Video classification aims at understanding the visual and audio features to assign one or more relevant tags to the video. With the rapid increase in amount of video content, this task is crucial for applications such as smart content search, user profiling and alleviating missing metadata. Moving from image to video classification adds several challenges to the task. First, the temporal dimension increases the overall size of the input in turn increasing the model capacity required to make accurate predictions. Secondly, the number of possible tags increase due to variations in sequence. For e.g., a leaf falling from tree can be tagged as nature but the reverse could indicate science-fiction elements in the video.

Existing works on video classification using deep learning can be broadly divided into four categories: (i) convolutional neural networks (CNNs) [21, 12, 4, 20], (ii) recurrent neural networks (RNNs) [28, 27, 26], (iii) graph-based methods [13, 2], and (iv) attention-based models [17, 10, 7]. Convolutional approaches use 3-D CNN along with optical flow networks to jointly model spatial and temporal features. Recurrent models use variations of recurrent neural cell including gated recurrent unit (GRU) and long-short term memory (LSTM) to understand the video. Graph based approaches create a similarity graph of frames to cluster scenes together. Lastly, attention-based models use self-attention blocks at each layer to understand a frame’s role with respect to other frames in the video. In this paper, we focus on attention approaches as they have low computation cost compared to 3-D CNNs and outperform RNN based approaches on video classification task [17].

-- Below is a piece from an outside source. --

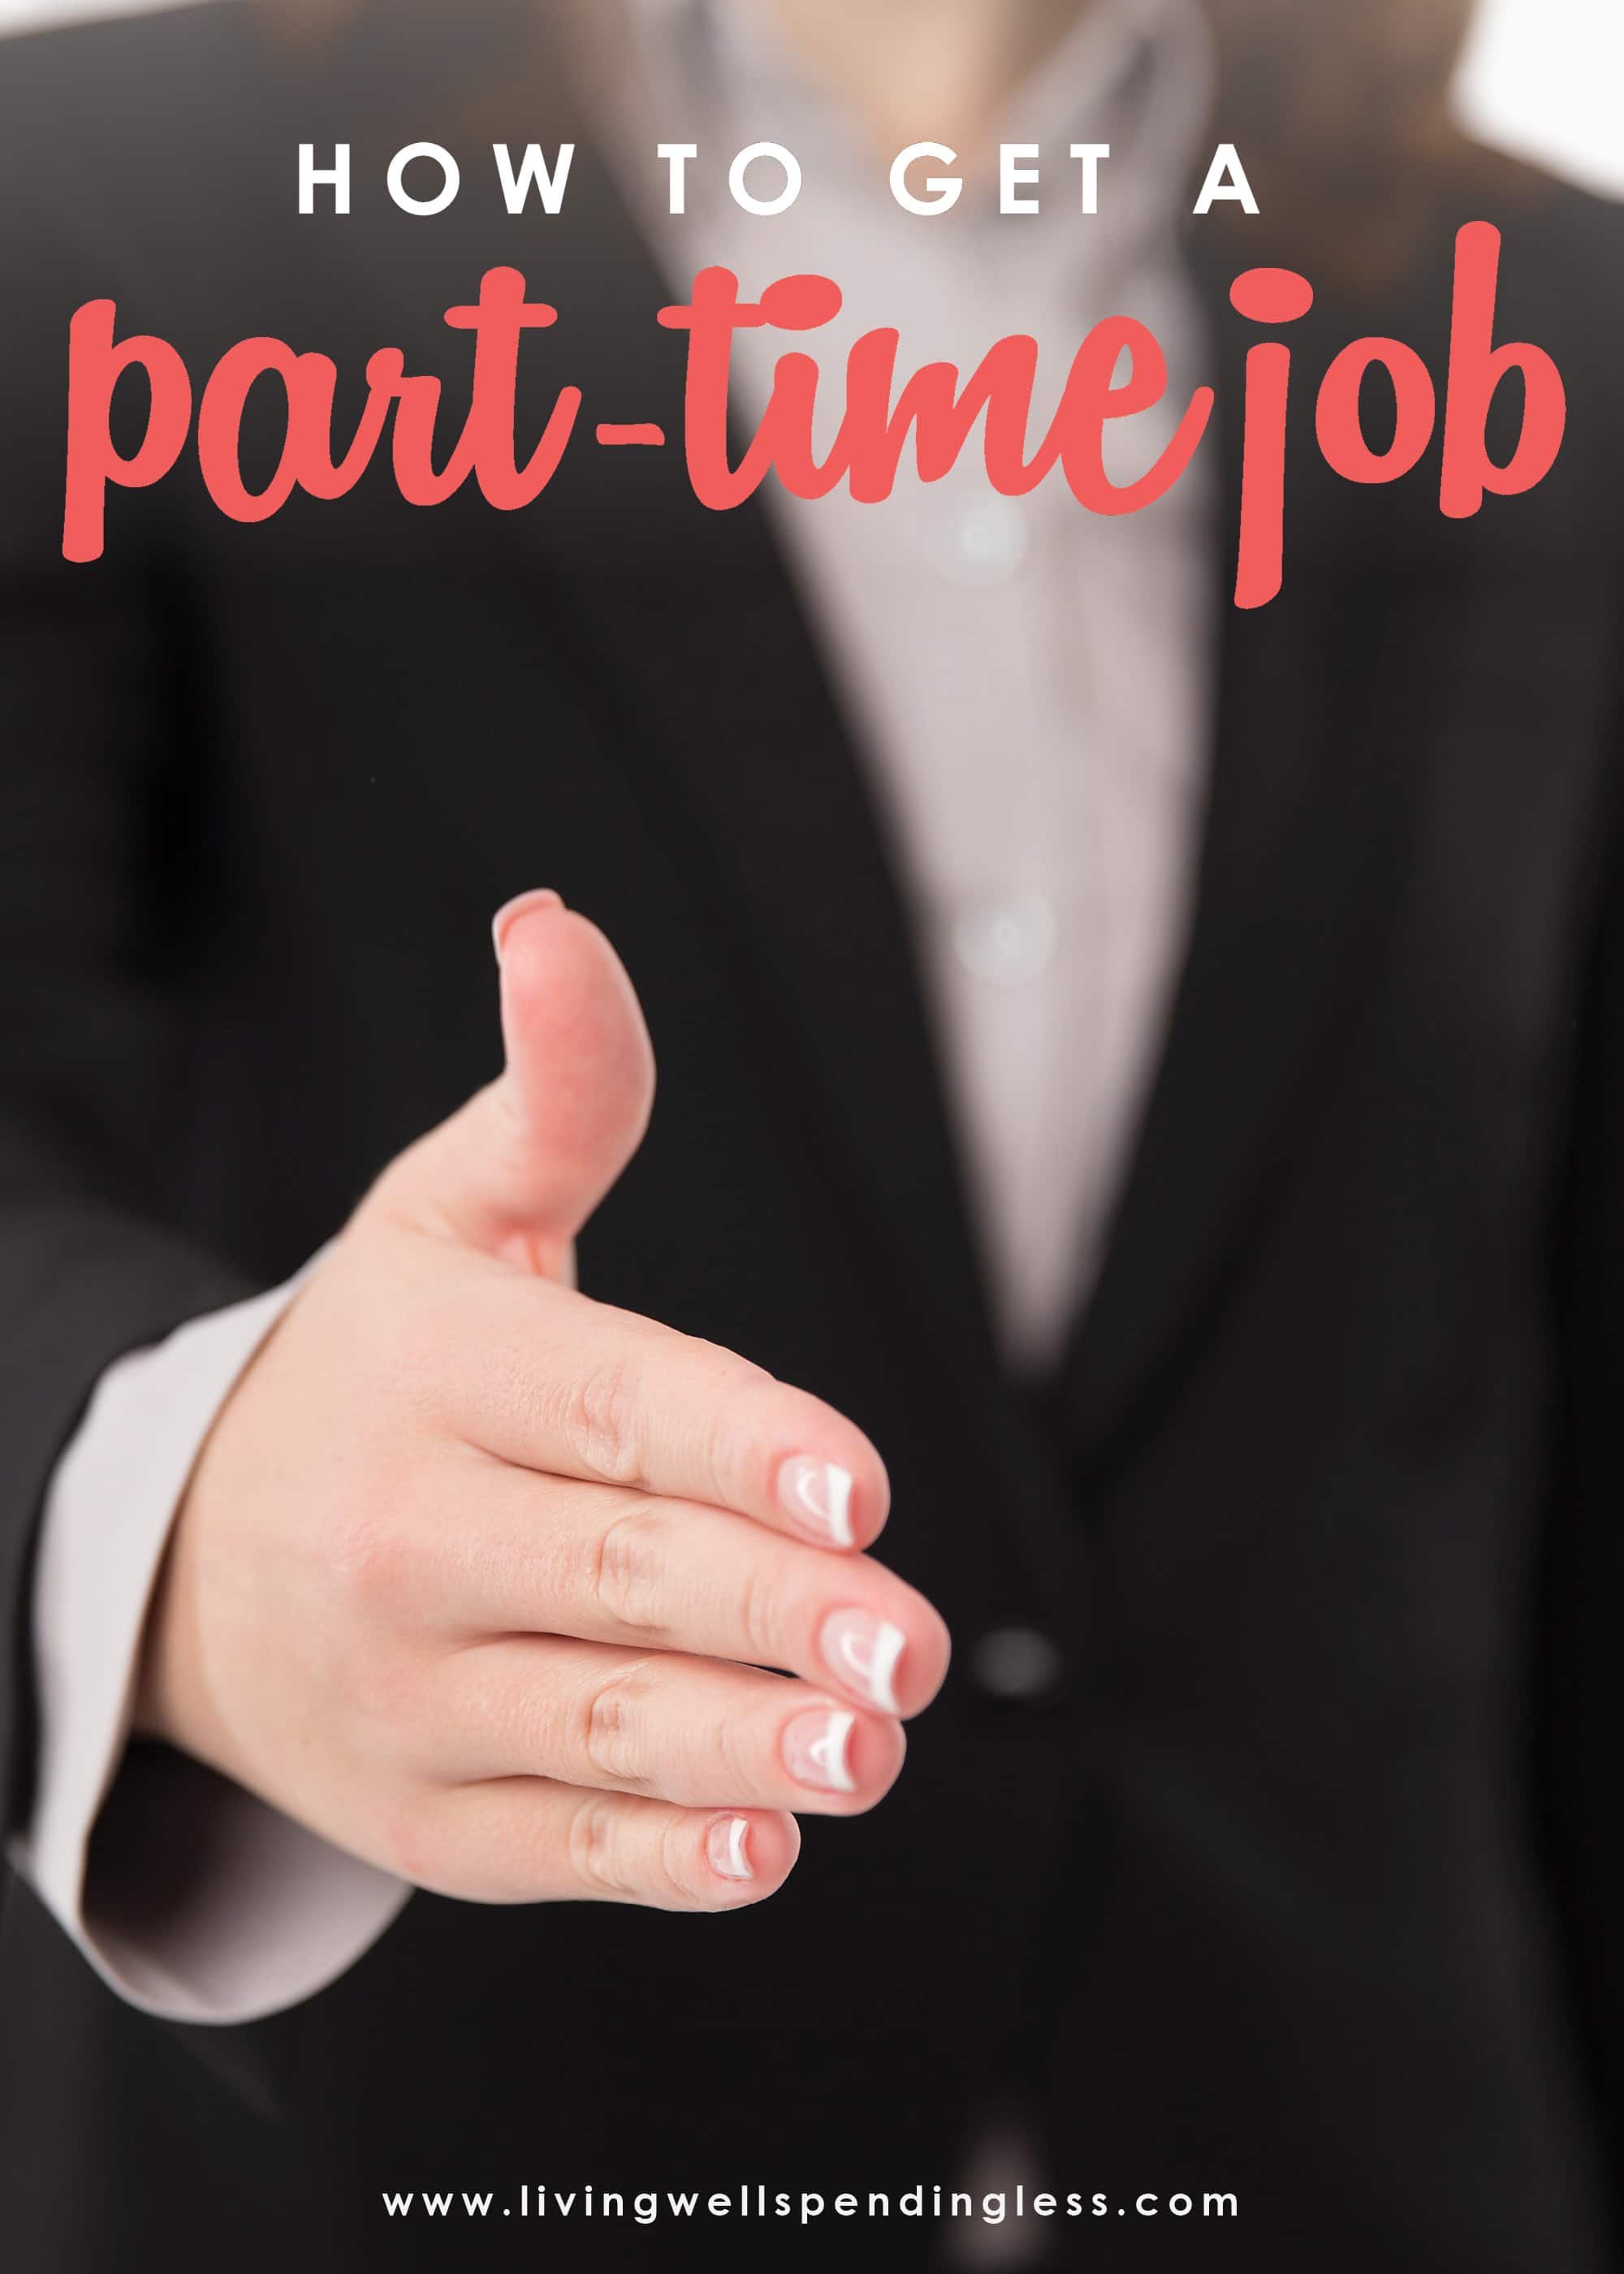 Looking to land your first part-time job? Don't miss these super practical tips for how to wow your potential employer, nail your interview, and finally hear those magic words you've been waiting for--you're hired!
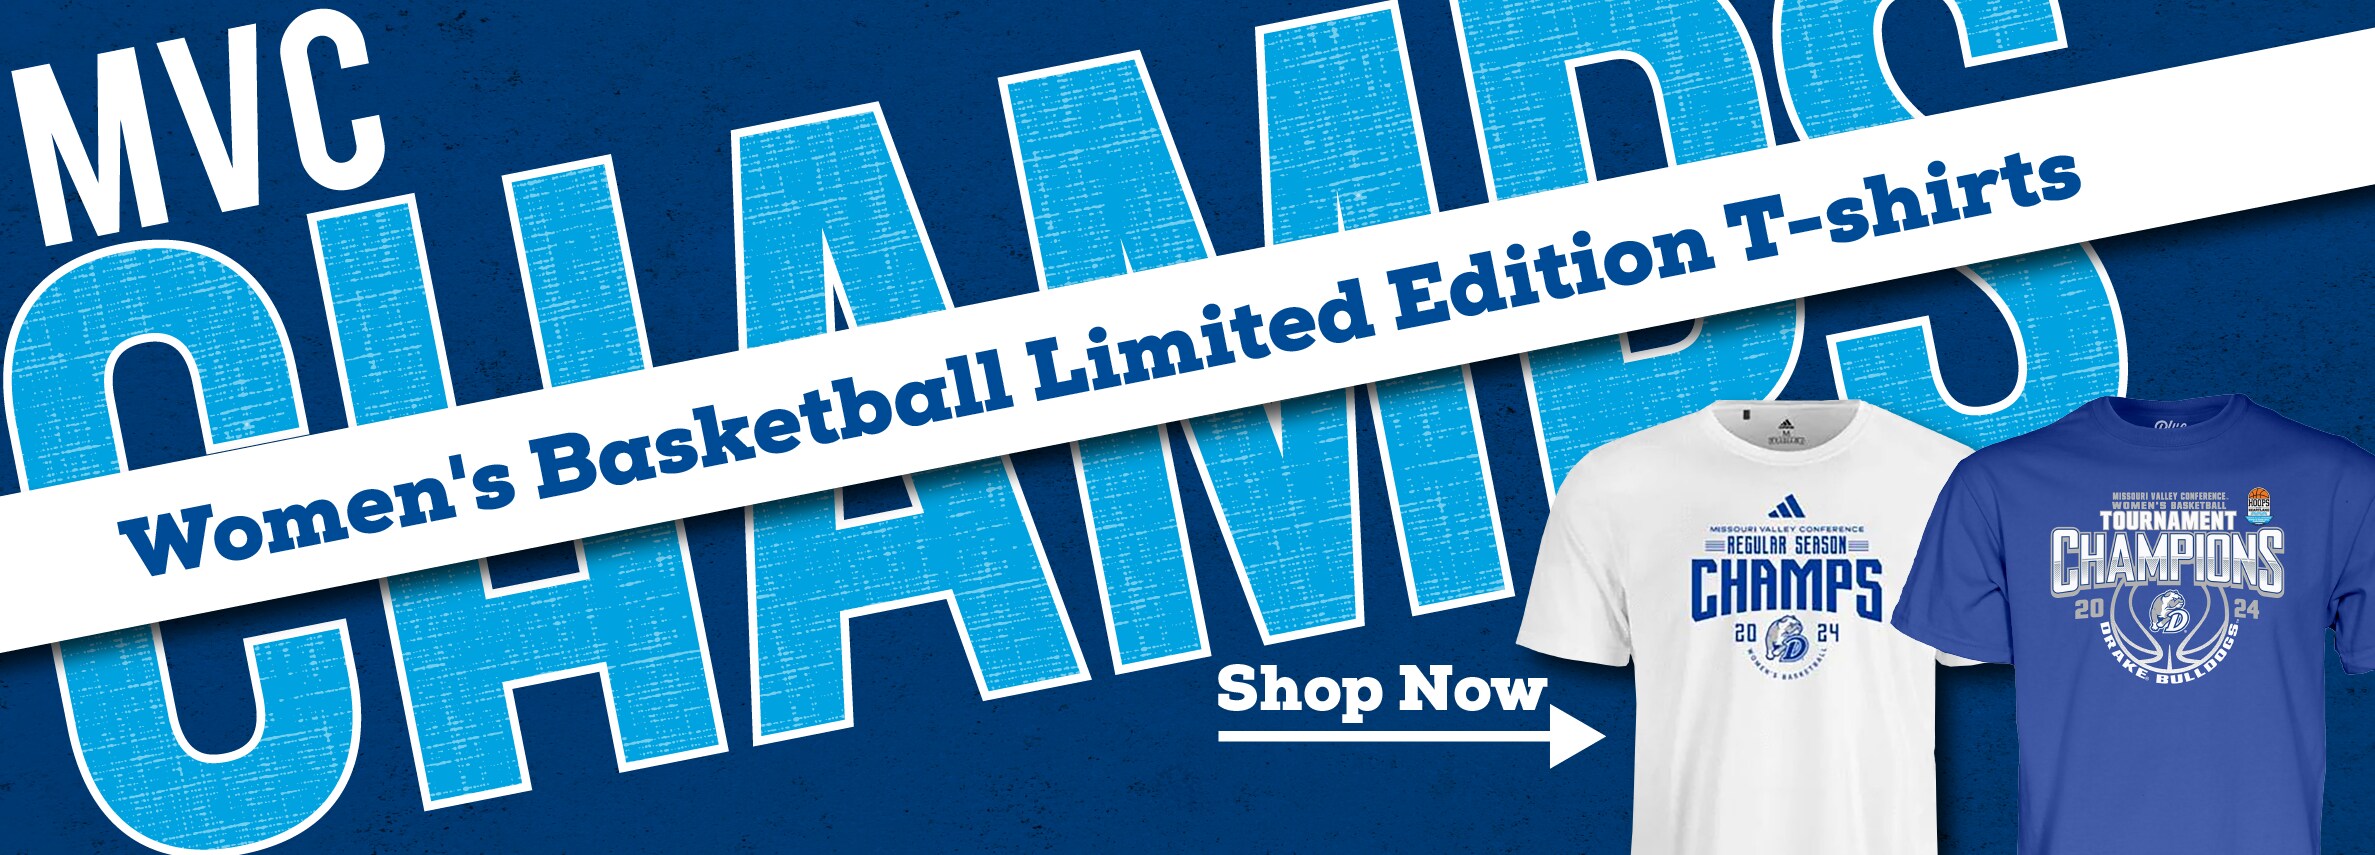 MVC Champs. Women's basketball limited edition t-shirts. shop now

Current attention-based approaches suffer from two key issues which we aim to tackle in this paper. First, video representation and classification is highly dependent on the attention weights. This can lead to incomplete predictions if high attention is given to only a handful of relevant frames, and incorrect predictions if given to irrelevant frame(s). For e.g., in Figure 1 (left), for a news video on protests, we show attention weights and prediction of Transformer model trained on 4 million YouTube videos. We observe that high attention is given to the frames containing crowd and thus final prediction is given as sports (confusing it with sports crowd). Second issue which has recently been showed for videos [24] is that the models are prone to adversarial examples. In Figure 1 (right), we observe that a minor change in input modifies attention profiles obtained from a self-attention based architecture.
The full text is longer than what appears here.